Leaker of damaging U.S. intelligence files was reportedly administrator of a Discord chat room

Discord Rafael Henrique/SOPA Images/LightRocket via Getty Images

The U.S. is scrambling to contain the damage from the leak of potentially hundreds of classified documents discovered last week on social media sites. The Justice Department is investigating to figure out who leaked the documents and why, and the Pentagon is working with the State Department, White House, and intelligence agencies to determine how damaging the leak is, try and assuage angry allies, and figure out how to prevent future breaches.

At this point, "we don't know who is behind this; we don't know what the motive is," National Security Council spokesman John Kirby said Monday. "We don't know what else might be out there."

Users of the social media site Discord say an administrator of a closed group chat room, or server, called "Thug Shaker Central" posted hundreds of classified documents during arguments over Russia's Ukraine invasion. Most of the documents that have emerged are from February and March, but the open-source investigators at Bellingcat said they saw evidence of documents from January. Bellingcat traced a handful of leaked documents from Thug Shaker Central to two larger Discord servers in early March, then 4Chan, and finally, on April 5, pro-Russia Telegram channels. Defense Secretary Lloyd Austin was briefed on the leak April 6.

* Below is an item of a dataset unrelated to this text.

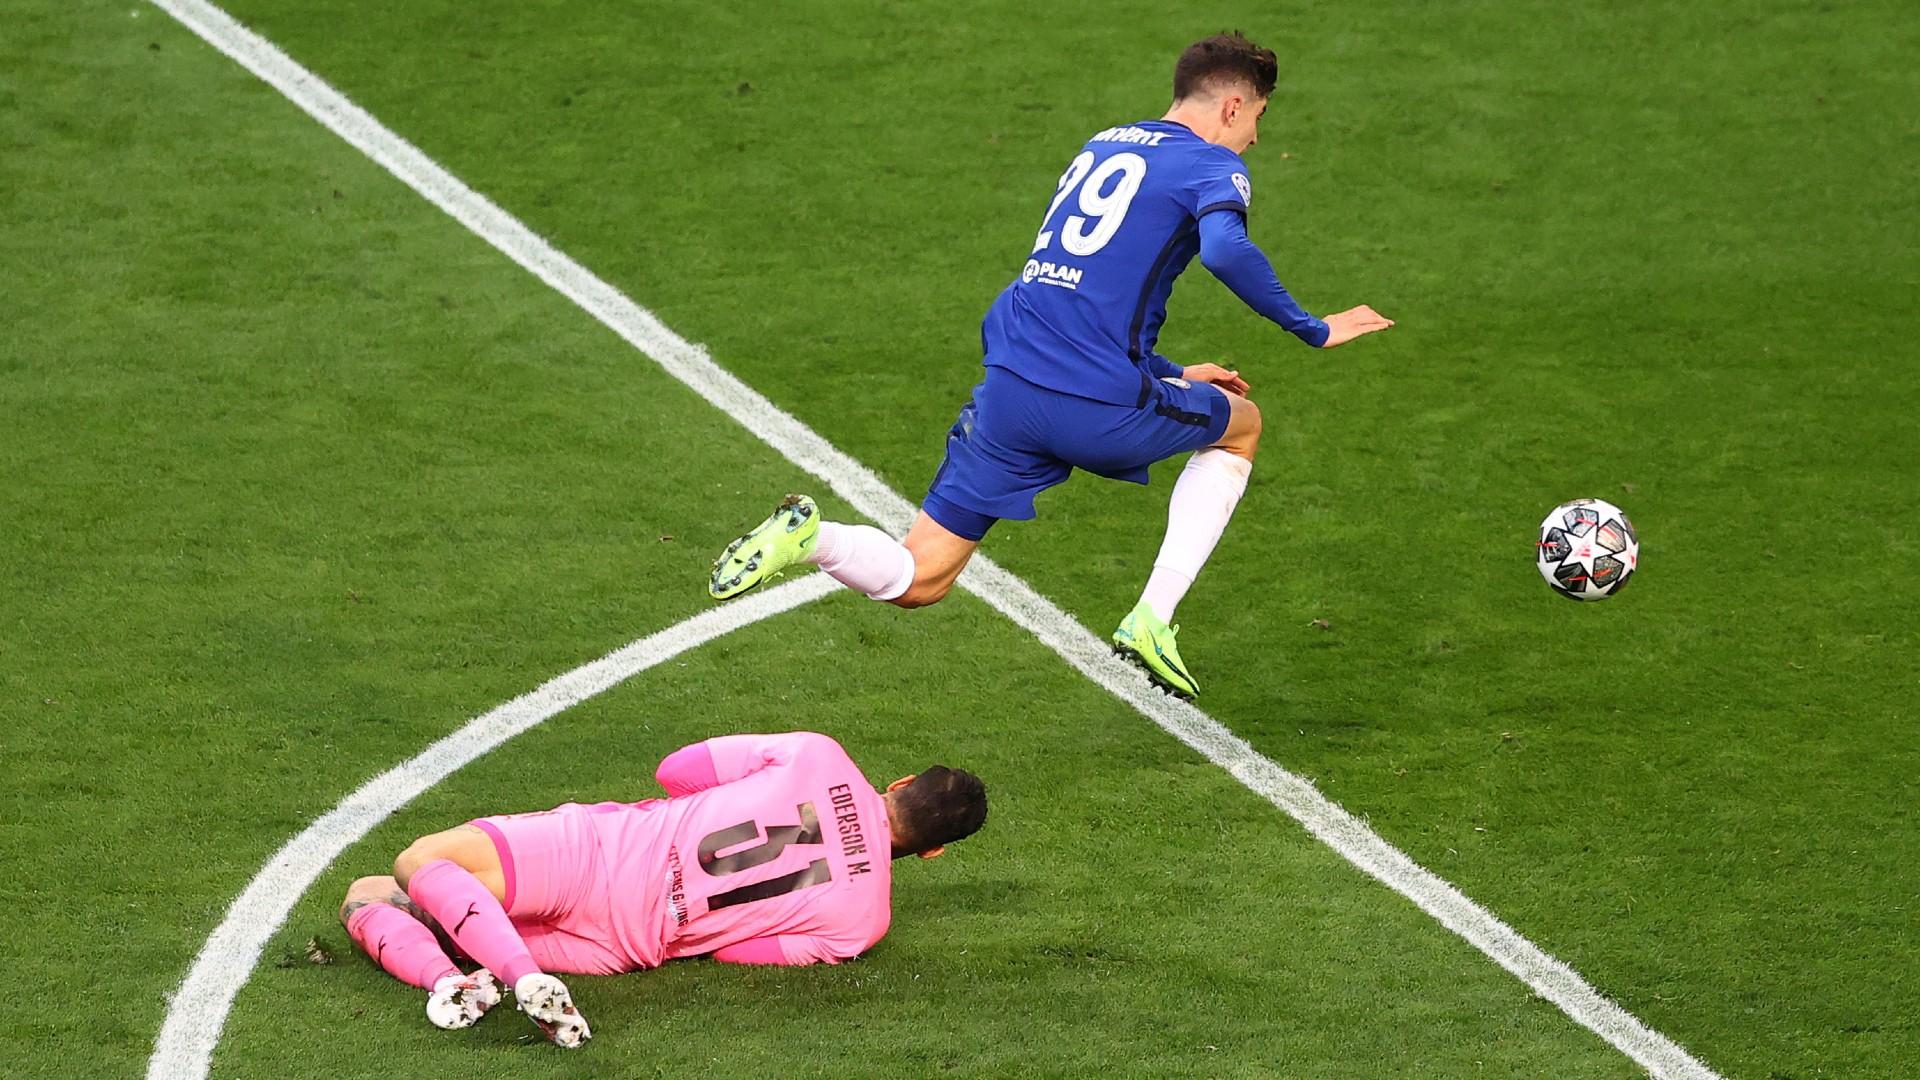 Pep Guardiola sai lầm khi nghĩ quá nhiều - Bóng Đá

Bellingcat spoke with three members of the Thug Shaker Central server, which was deleted April 7, and they described it as a tight-knit community of about 20 active users who shared an interest in video games, music, and Orthodox Christianity. The server "was not especially geopolitical in nature, although its users had a staunchly conservative stance on several issues," Bellingcat recounted. "Racial slurs and racist memes were shared widely."

The Discord users all refused to identify the person who posted the classified files, and one user told The Associated Press he kept copies of "way past hundreds" of the documents posted by "O.G." He said Americans deserve to see the files, and "on the off chance that the O.G. gets arrested, I'm leaking them all." Discord said it is cooperating with law enforcement investigating the leak.

"A surprisingly large number of people potentially had access to the Pentagon intelligence documents," The New York Times reports, "but clues left online may help investigators narrow down the pool of possible suspects relatively quickly." Notably, the Times says, "the intelligence materials appear to have been first photographed and then uploaded online, a kind of sloppy procedure" that could yield promising digital fingerprints.